ABOUT THIS TASK: Transcribe, exactly and without pictures, the lines below from the line with "The 5ft Christmas" to the line with "Balenciaga Lace Tank", both ends included, and no others.

DATA PROVIDED:
________
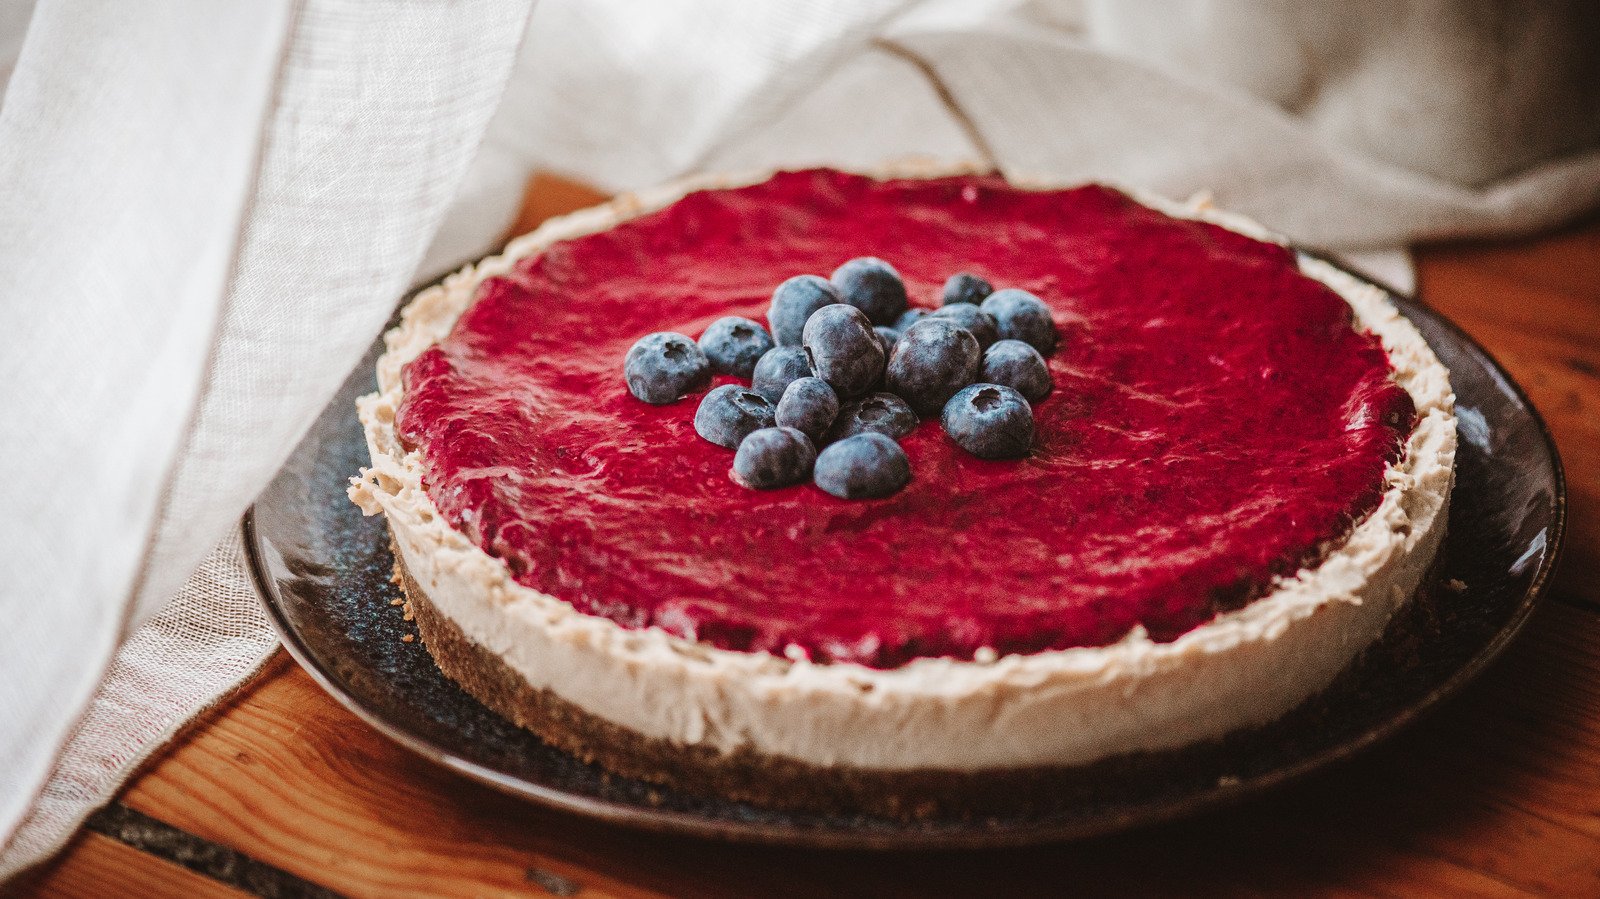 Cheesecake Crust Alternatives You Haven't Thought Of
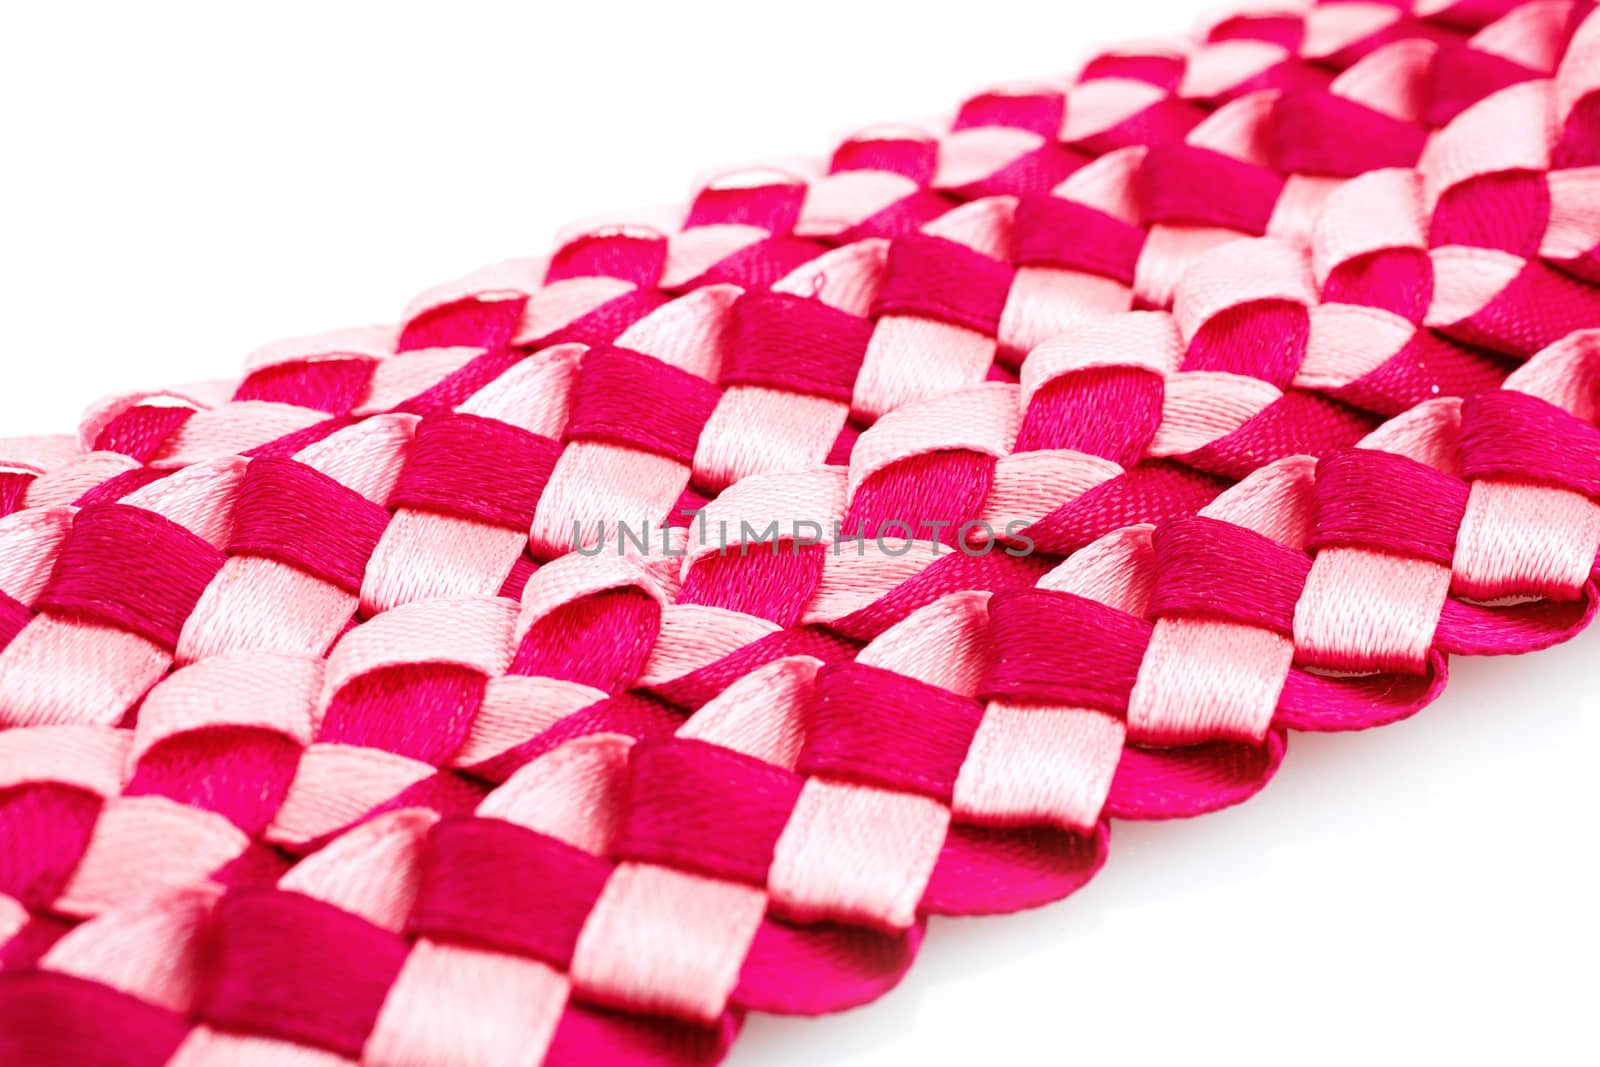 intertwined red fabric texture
________
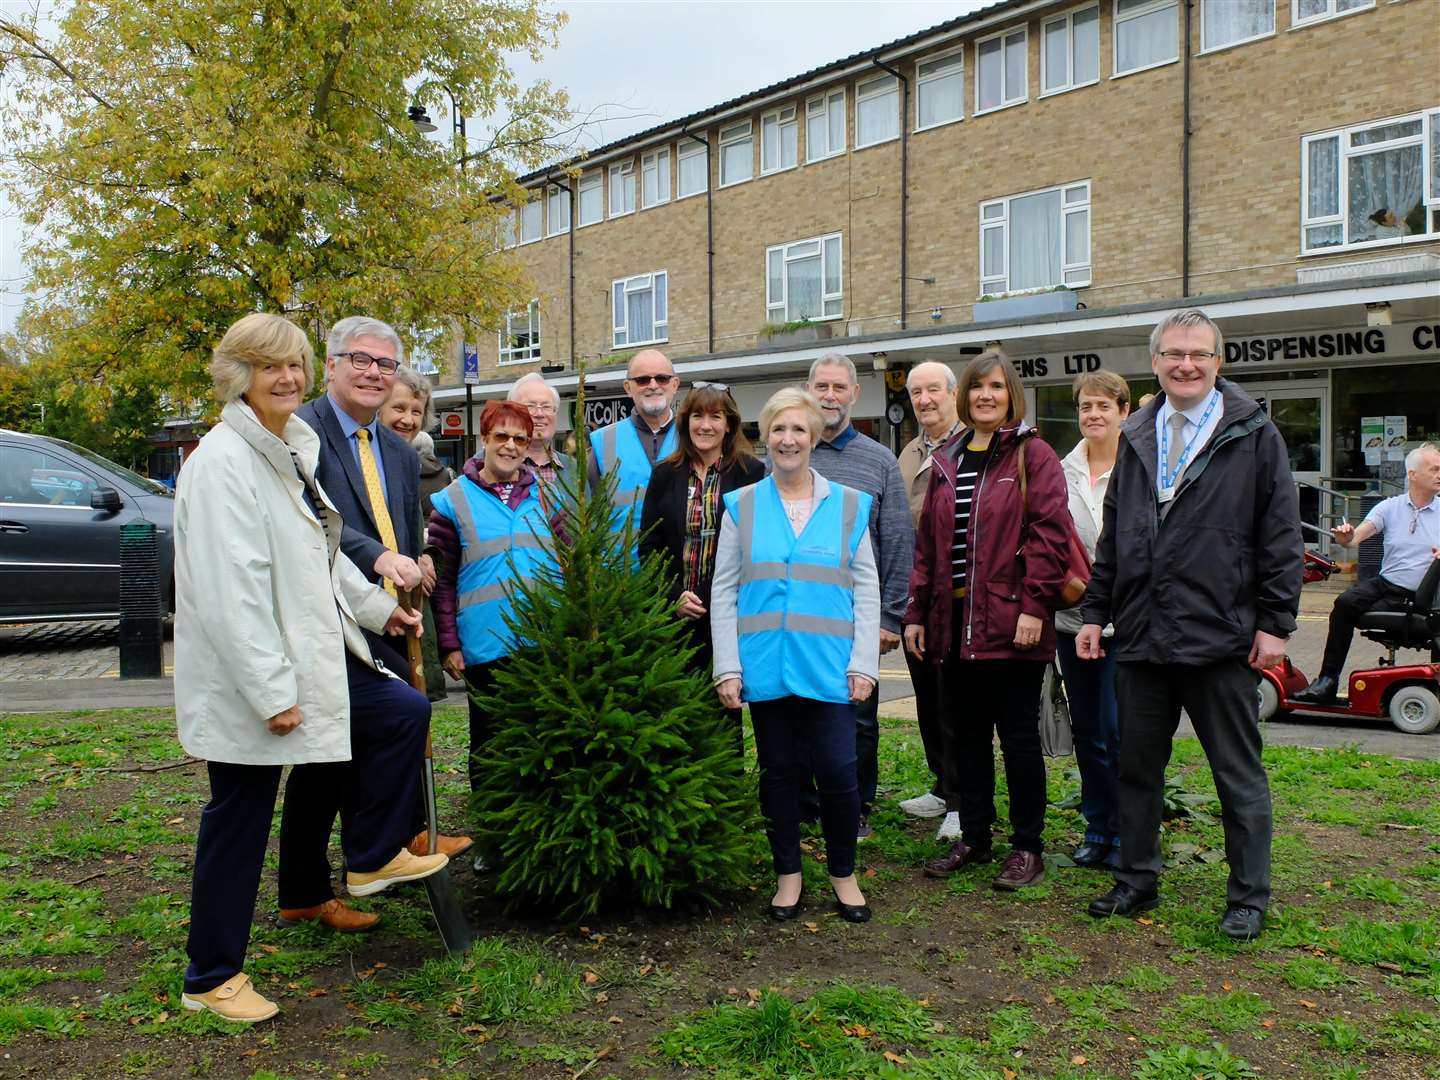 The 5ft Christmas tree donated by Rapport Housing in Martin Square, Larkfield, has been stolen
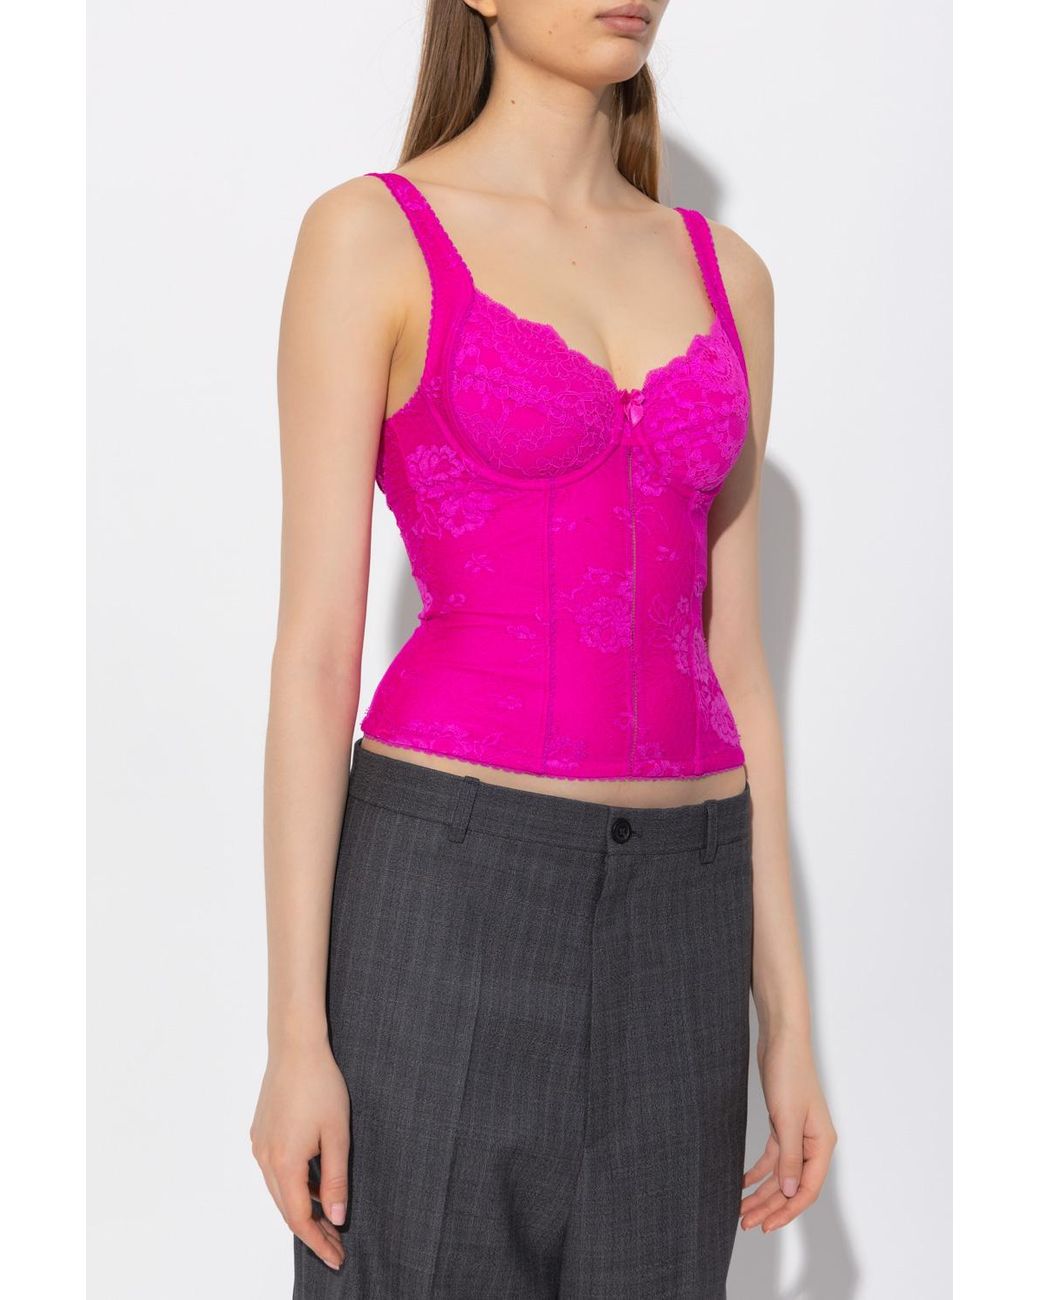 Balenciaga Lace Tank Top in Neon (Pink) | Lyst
________
EXERCISE ANSWER:
 The 5ft Christmas tree donated by Rapport Housing in Martin Square, Larkfield, has been stolen
 Balenciaga Lace Tank Top in Neon (Pink) | Lyst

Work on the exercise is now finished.